**DATA TO USE**
───

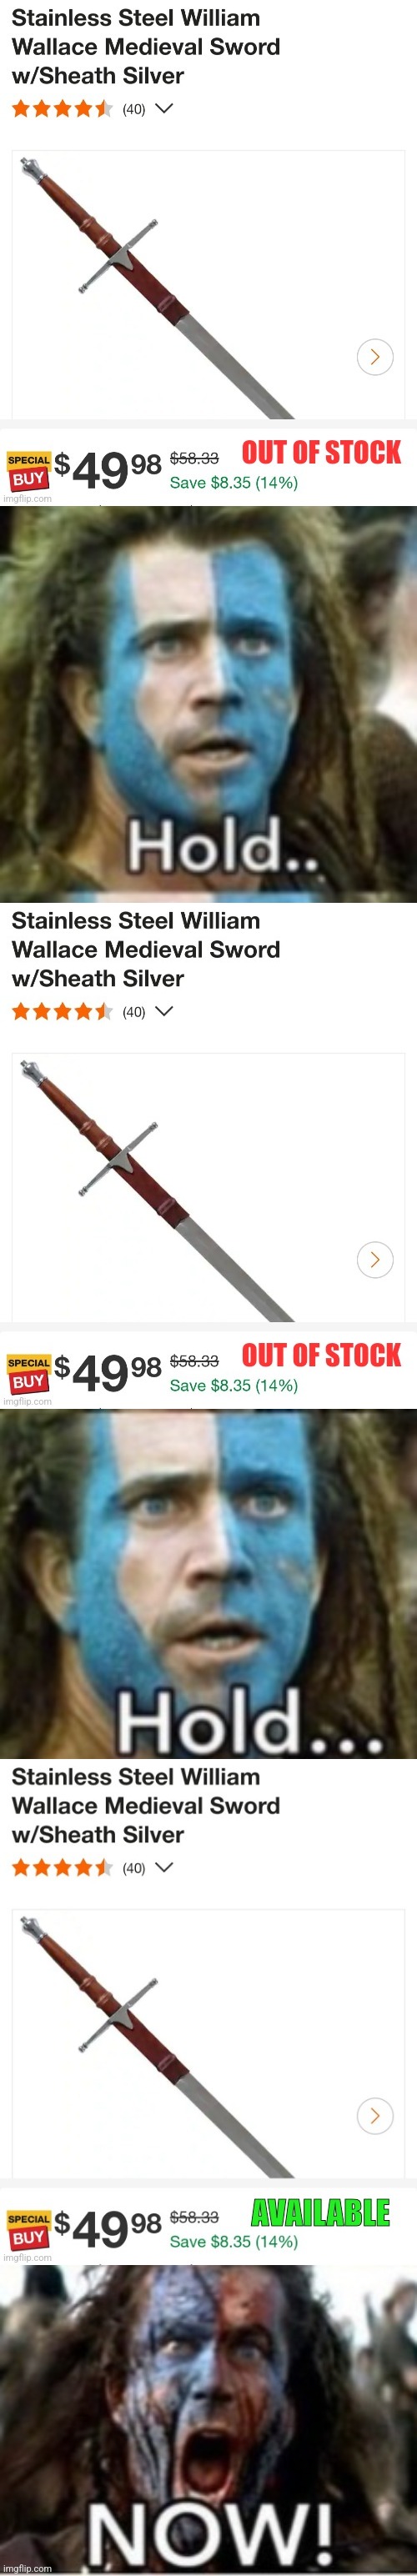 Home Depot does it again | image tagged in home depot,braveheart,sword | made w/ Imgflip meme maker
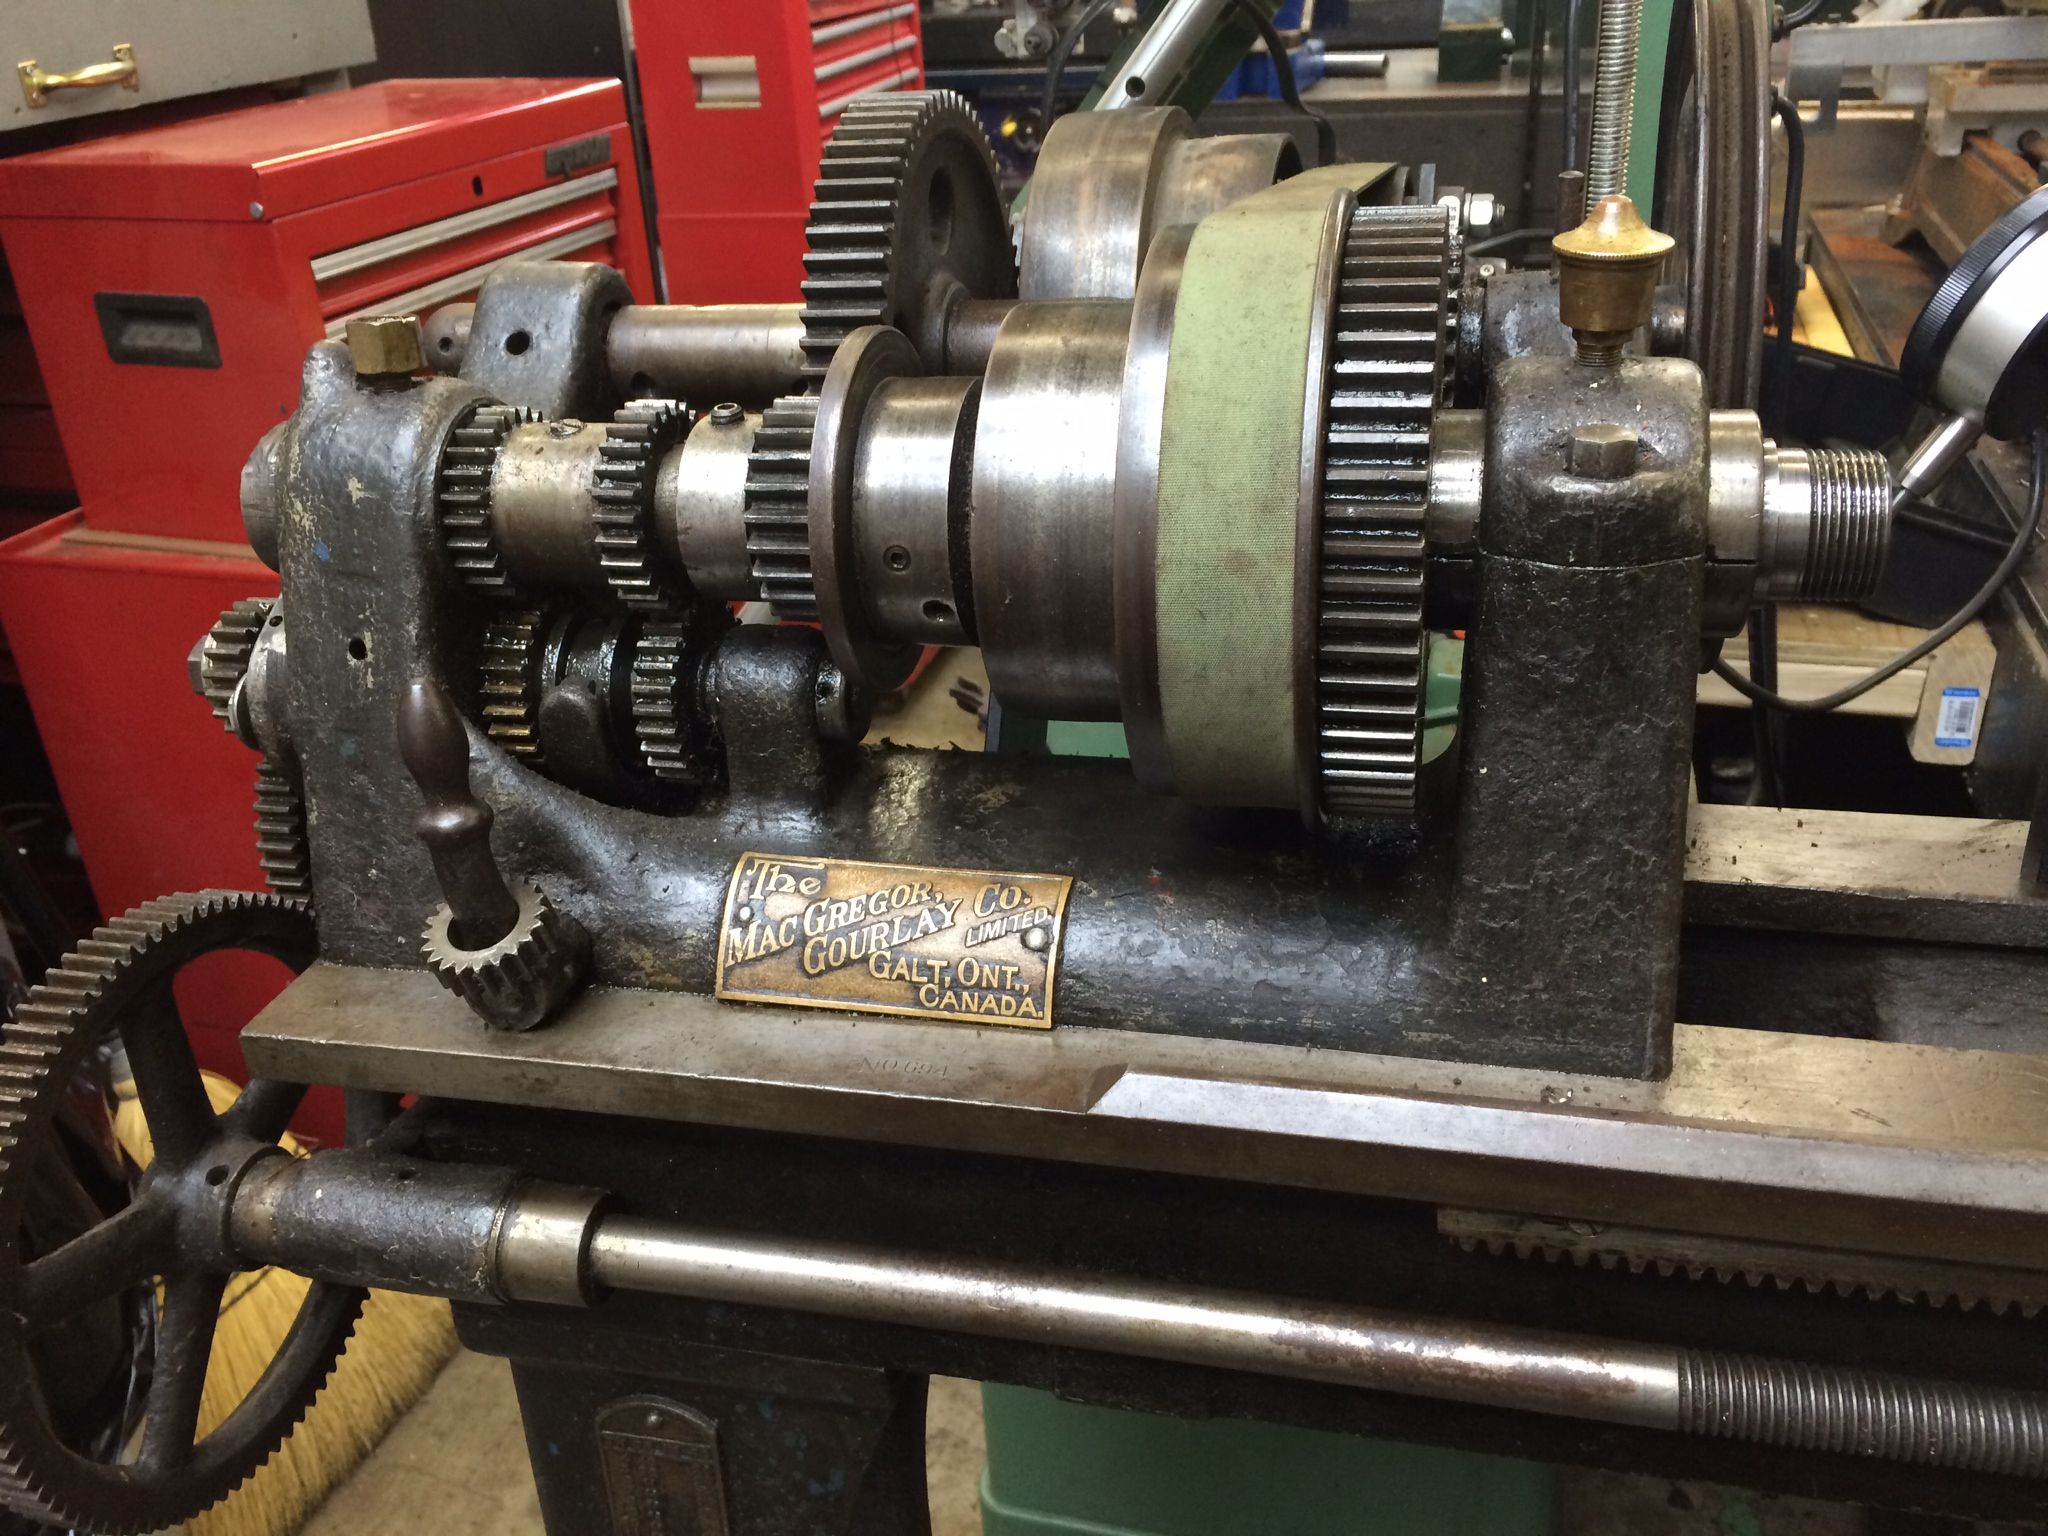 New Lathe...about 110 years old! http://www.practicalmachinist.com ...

───

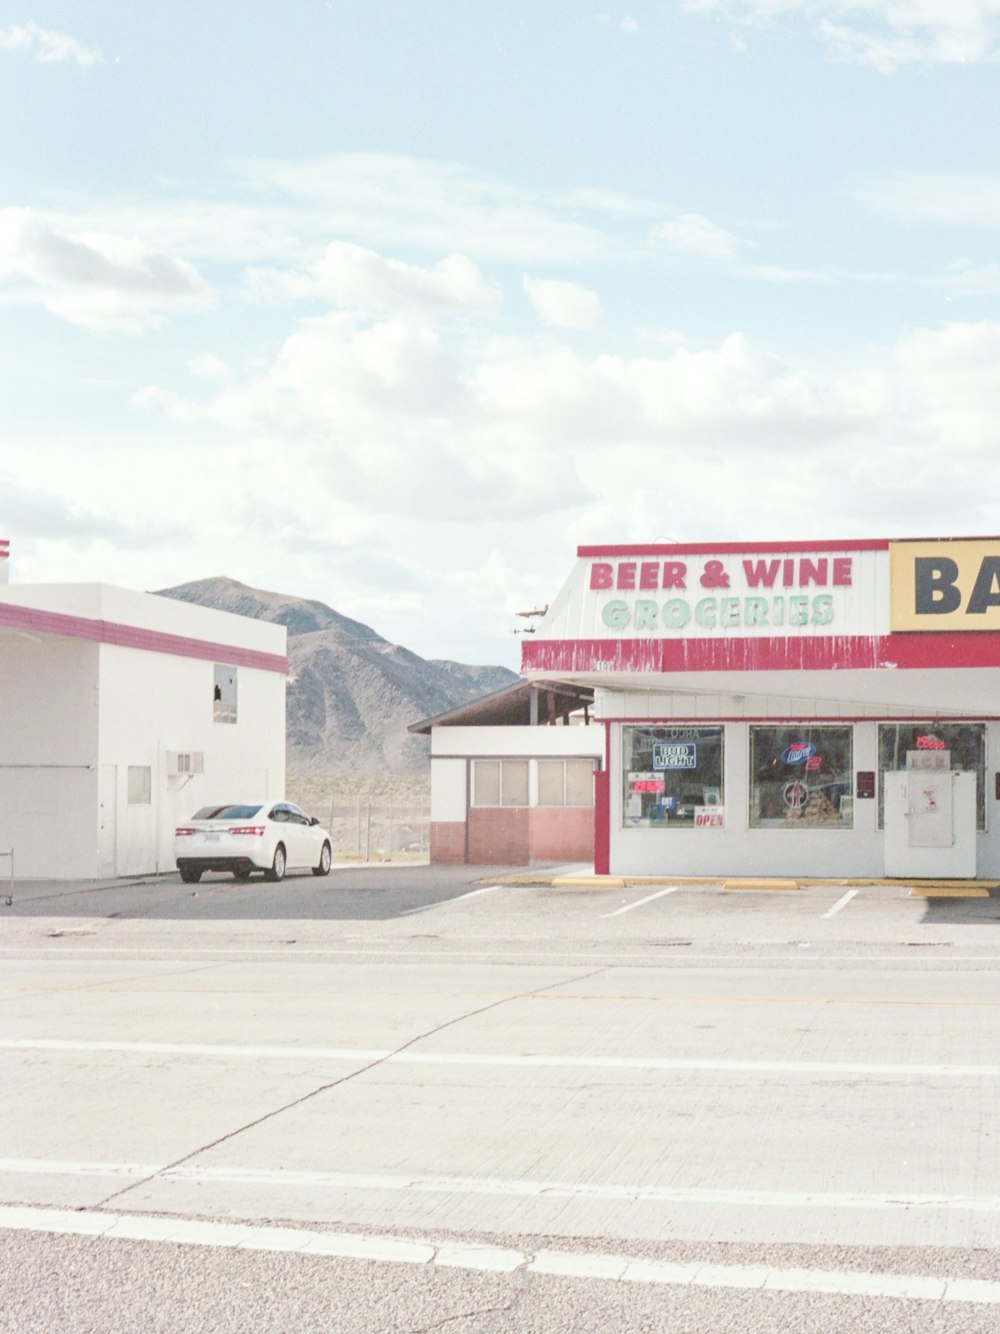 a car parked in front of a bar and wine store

───

**TASK**
Extract, without any images, the part of the material above that opens with the line containing "Home Depot does" and closes with the line containing "New Lathe...about 110", both lines included.

**RESULT OF THE EXERCISE**
 Home Depot does it again | image tagged in home depot,braveheart,sword | made w/ Imgflip meme maker
 New Lathe...about 110 years old! http://www.practicalmachinist.com ...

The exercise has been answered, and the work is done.